— Required action —
Copy the listing that follows exactly. Its pictures do not belong in the copy.

— Data provided —
──────────
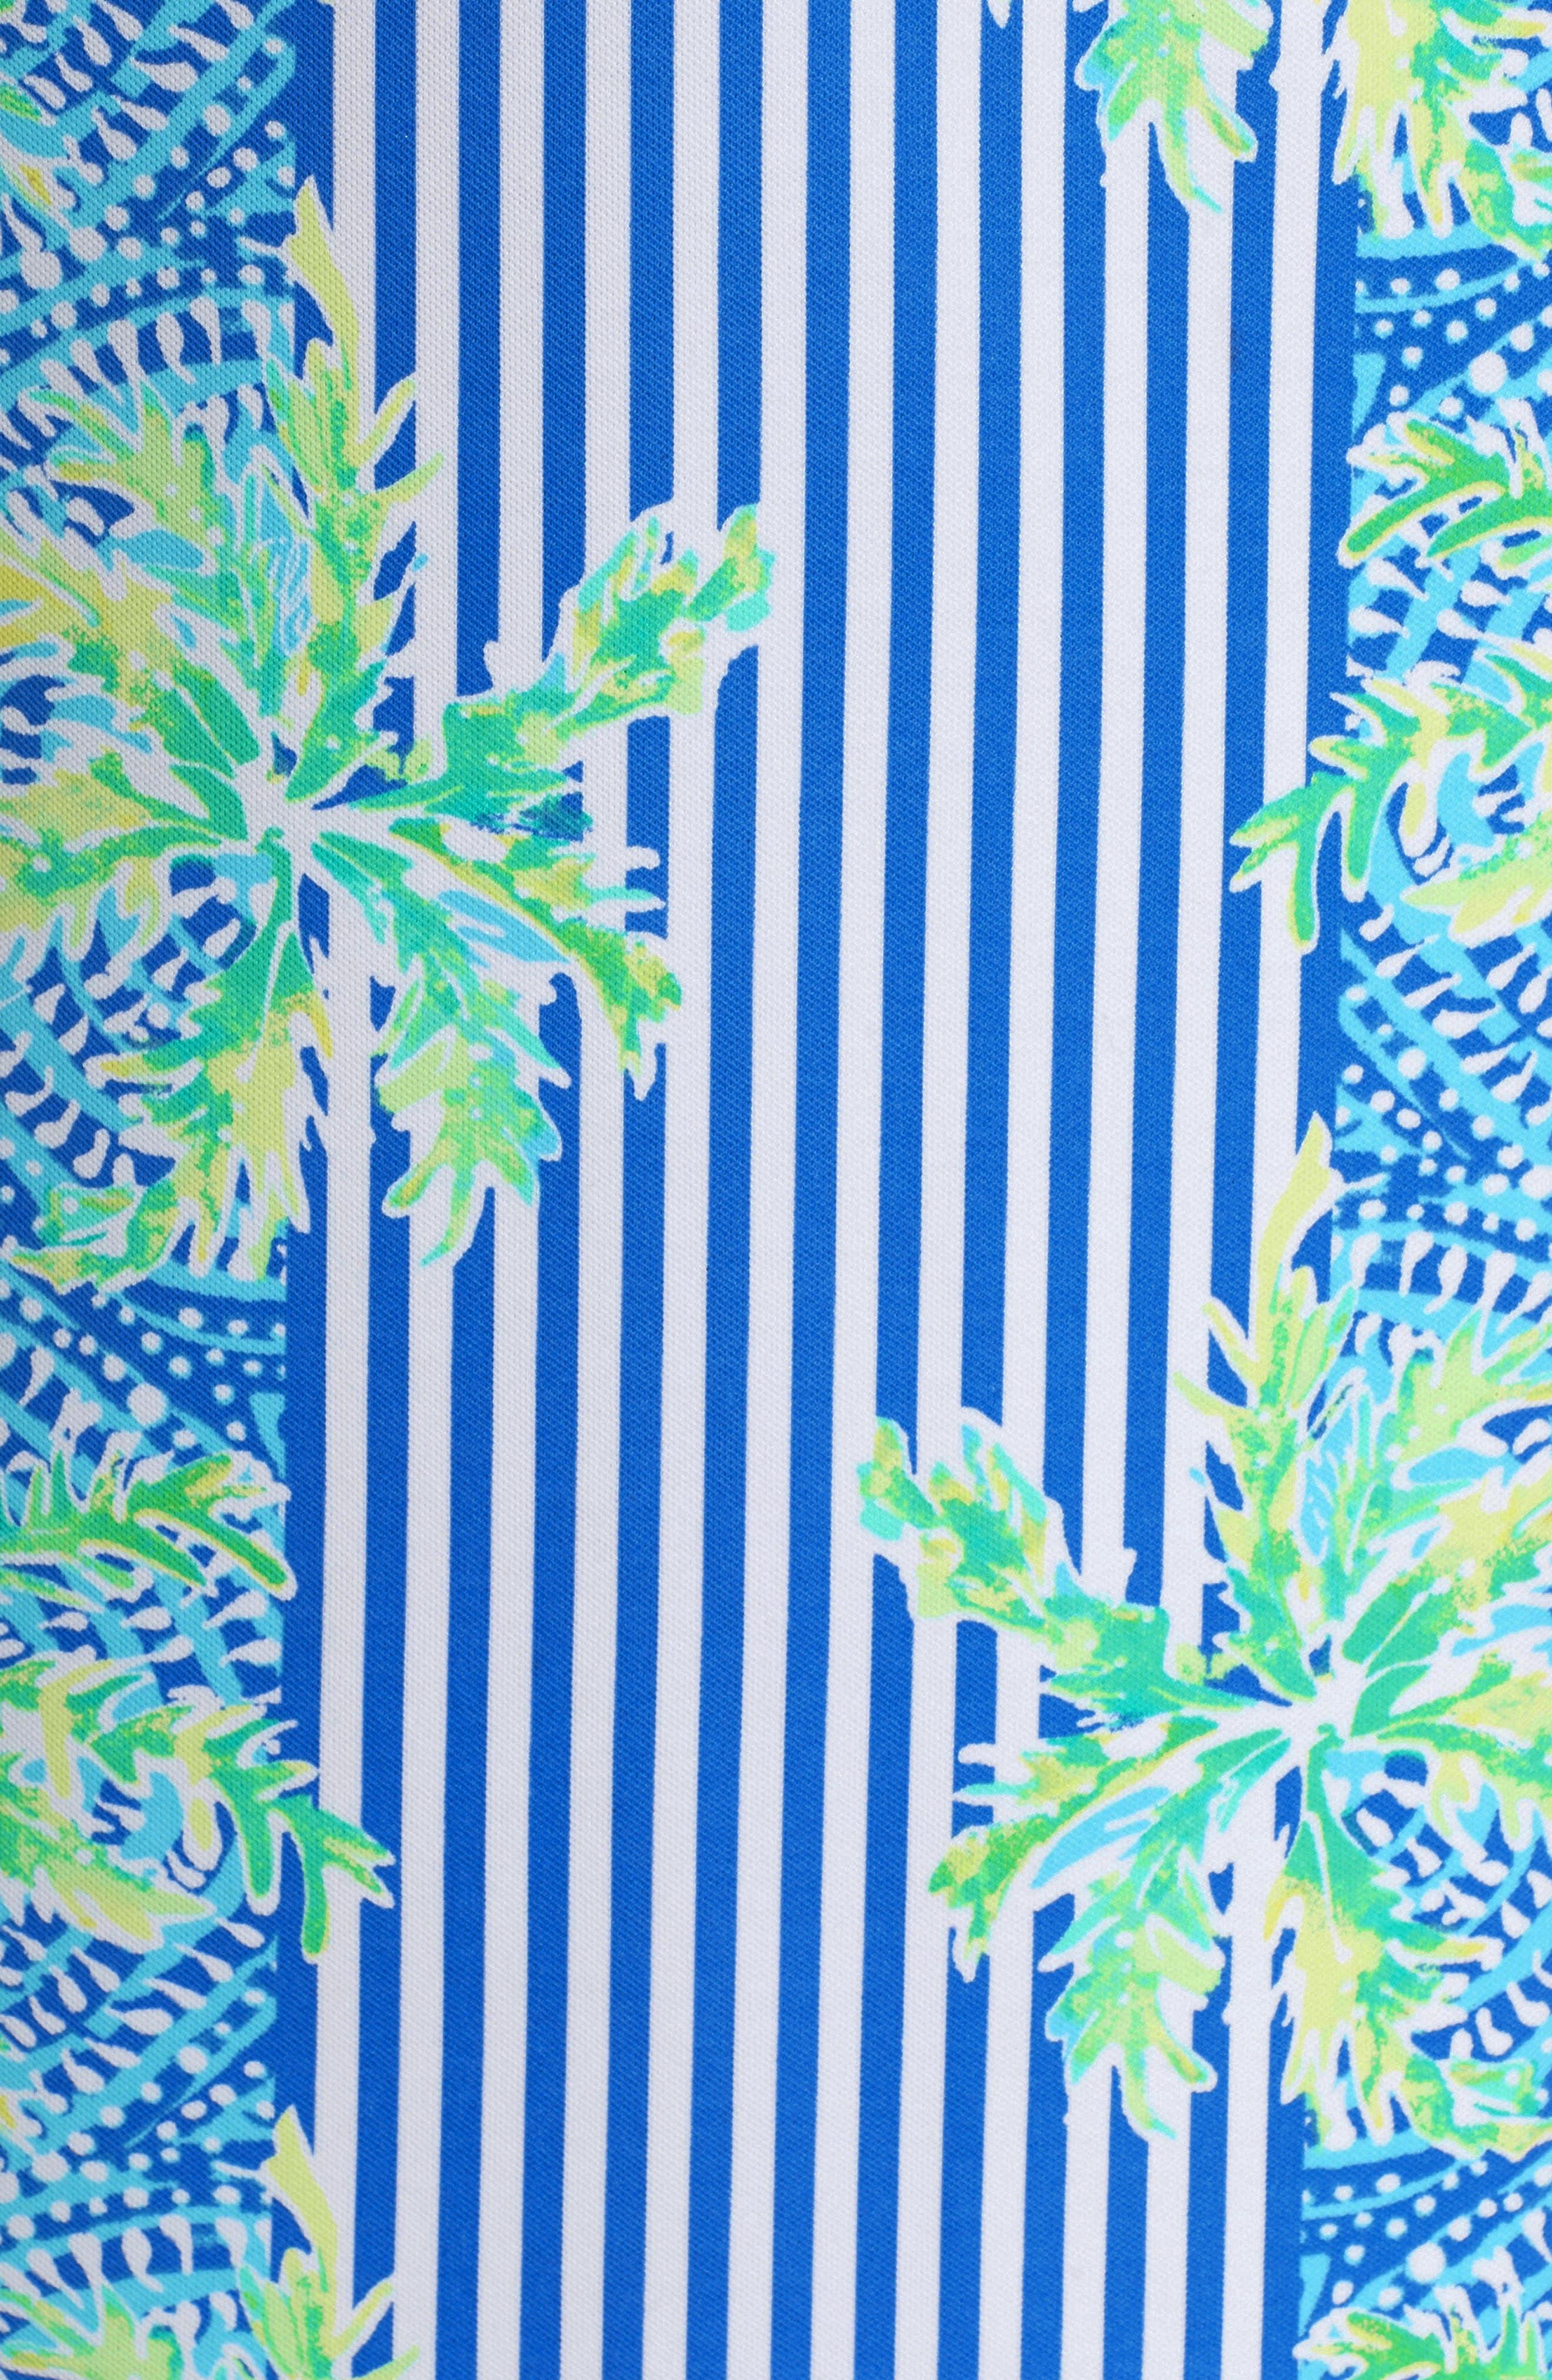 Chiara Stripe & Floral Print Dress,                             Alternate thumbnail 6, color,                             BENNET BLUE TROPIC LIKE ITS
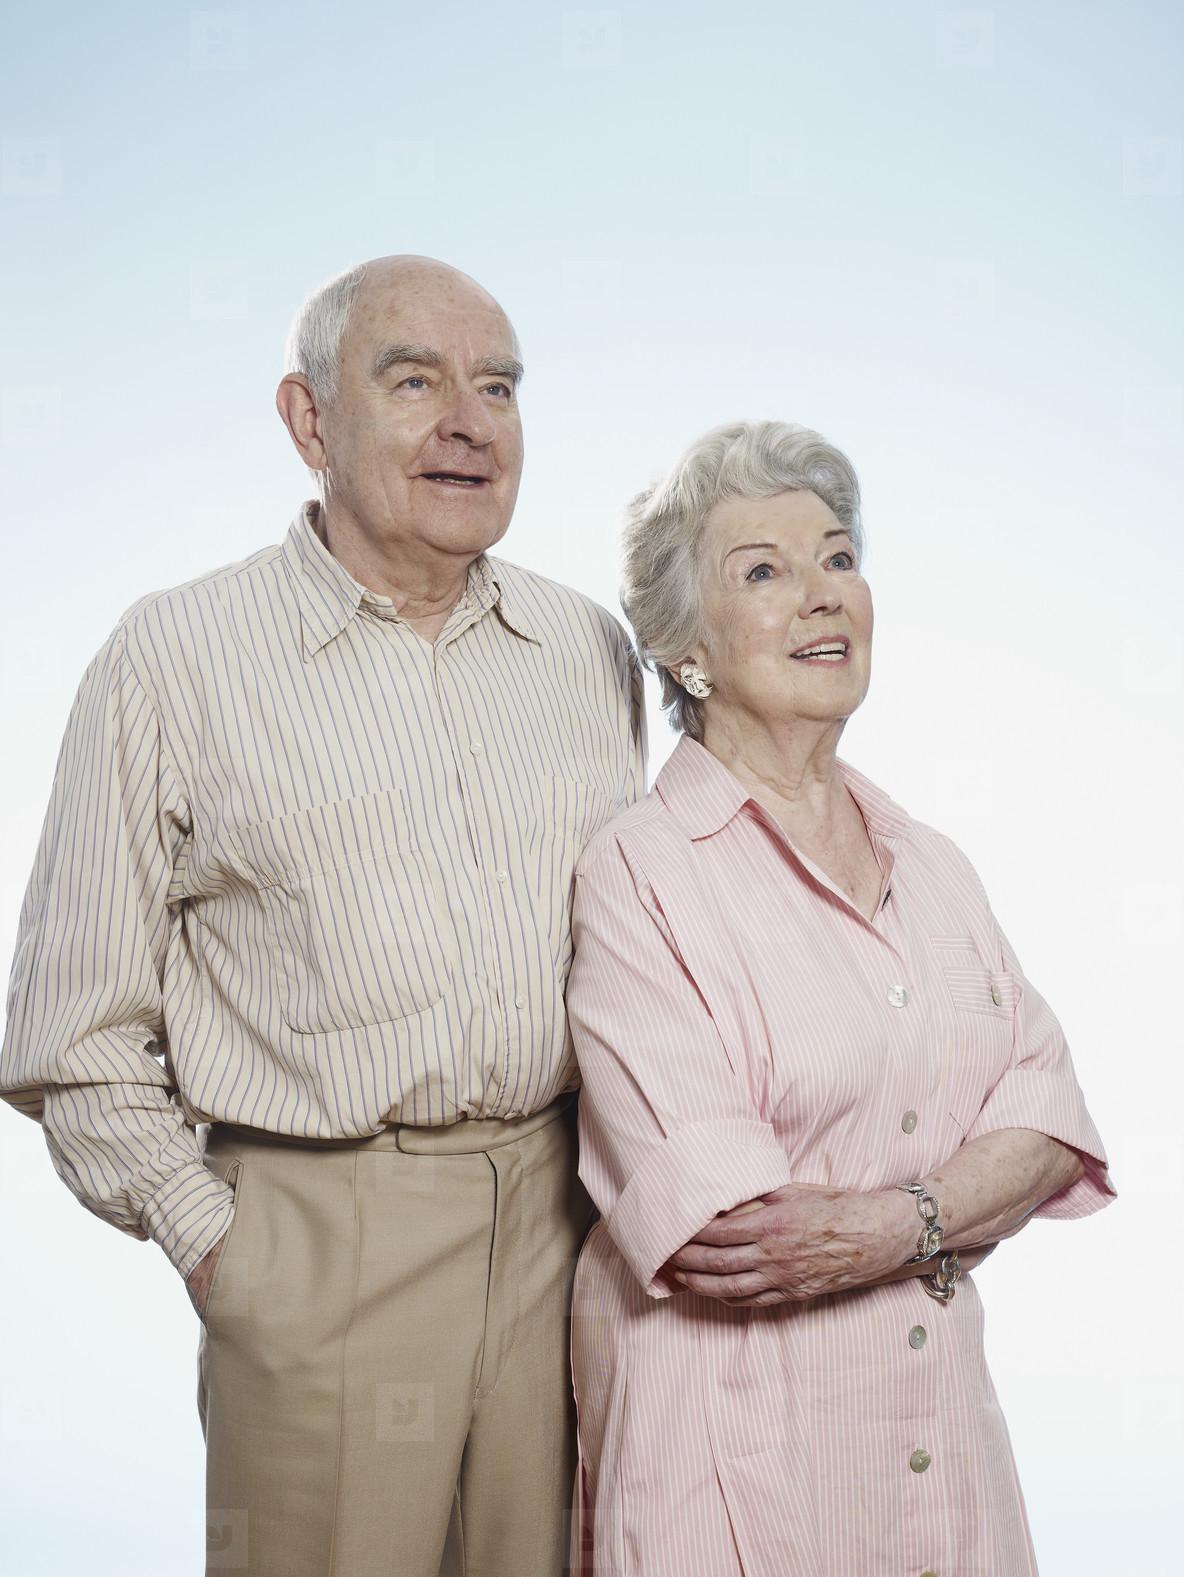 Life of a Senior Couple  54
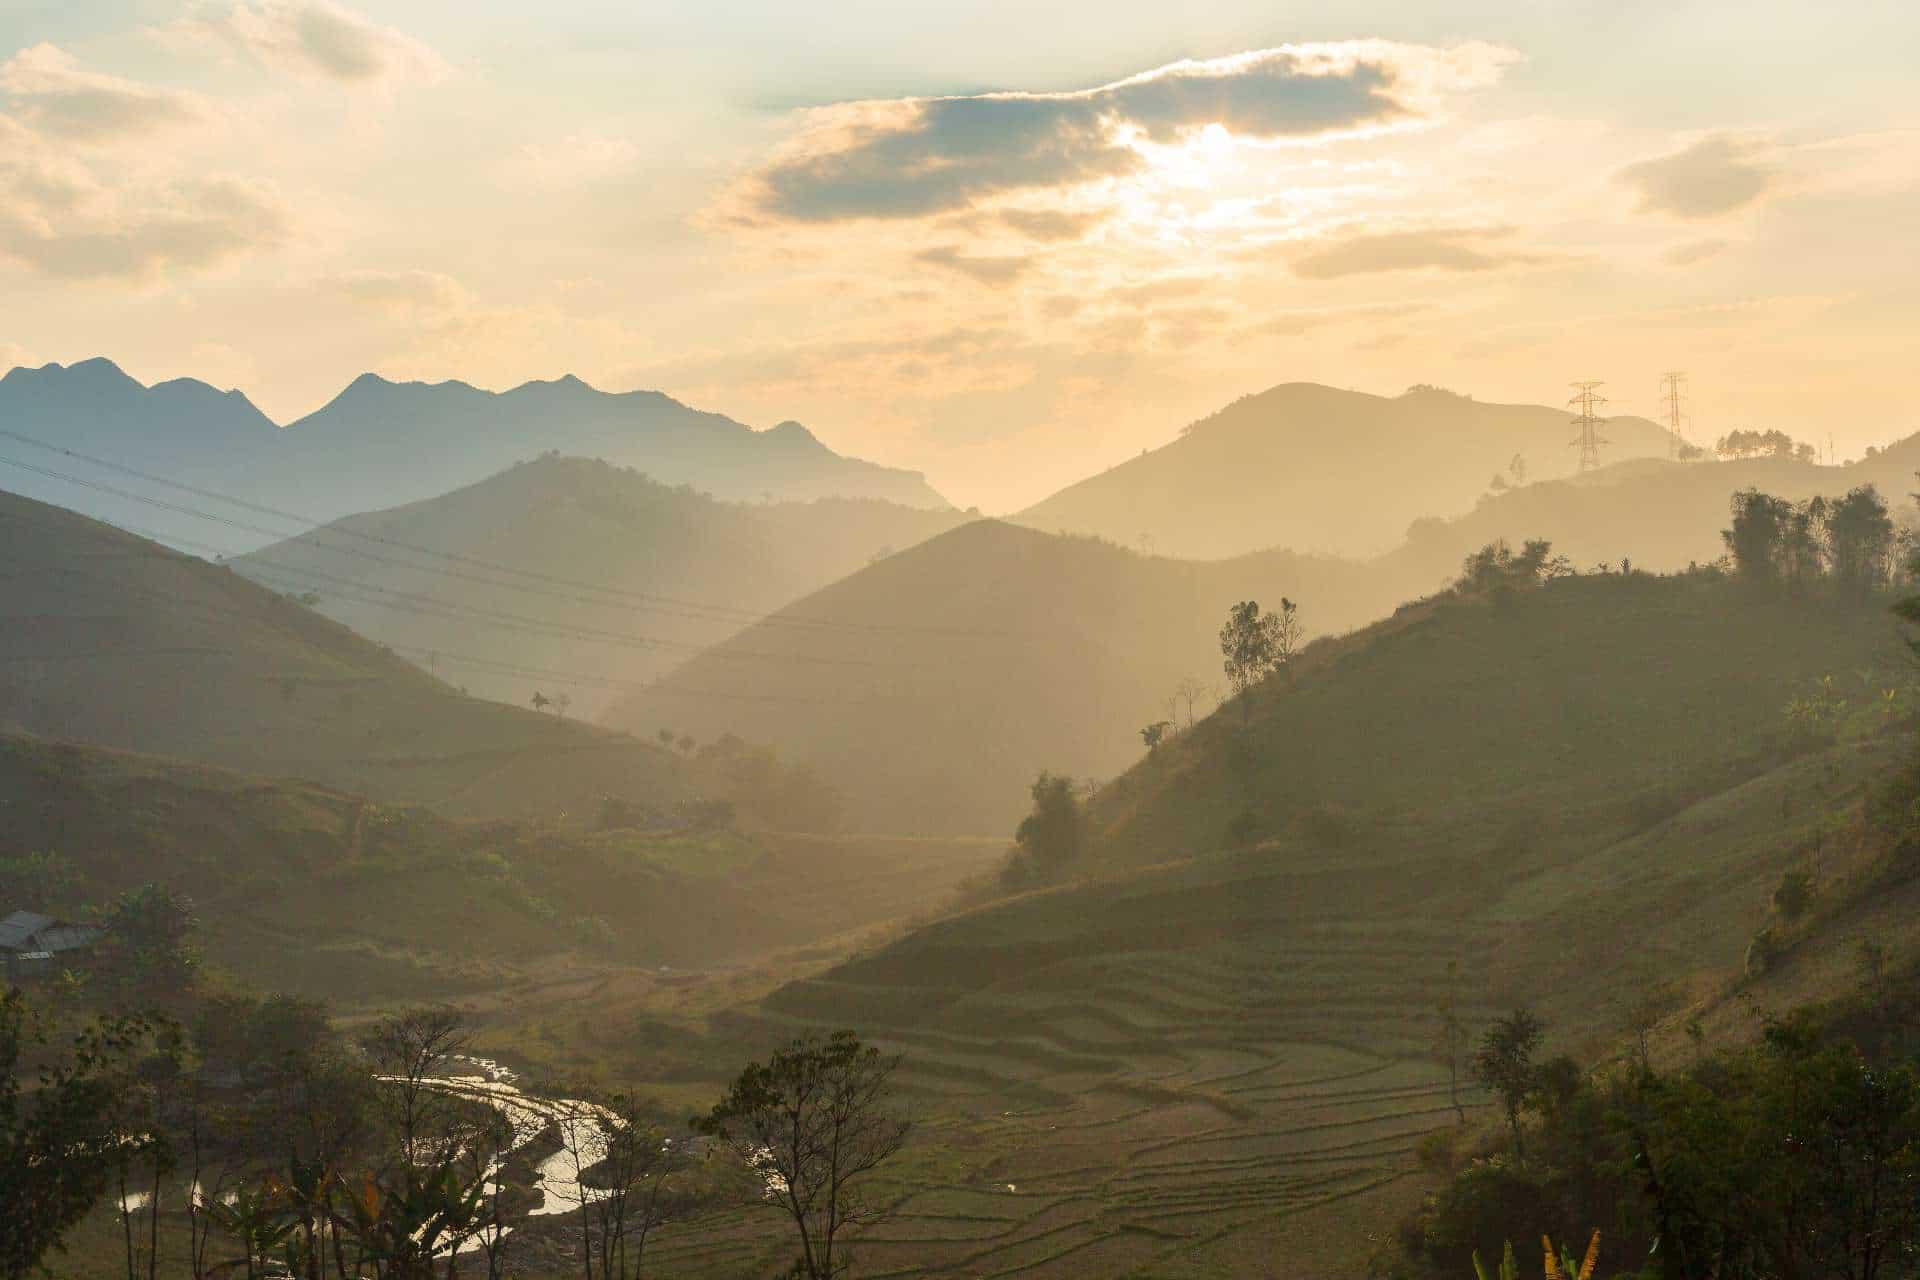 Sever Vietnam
──────────
— Answer section —
 Chiara Stripe & Floral Print Dress,                             Alternate thumbnail 6, color,                             BENNET BLUE TROPIC LIKE ITS
 Life of a Senior Couple  54
 Sever Vietnam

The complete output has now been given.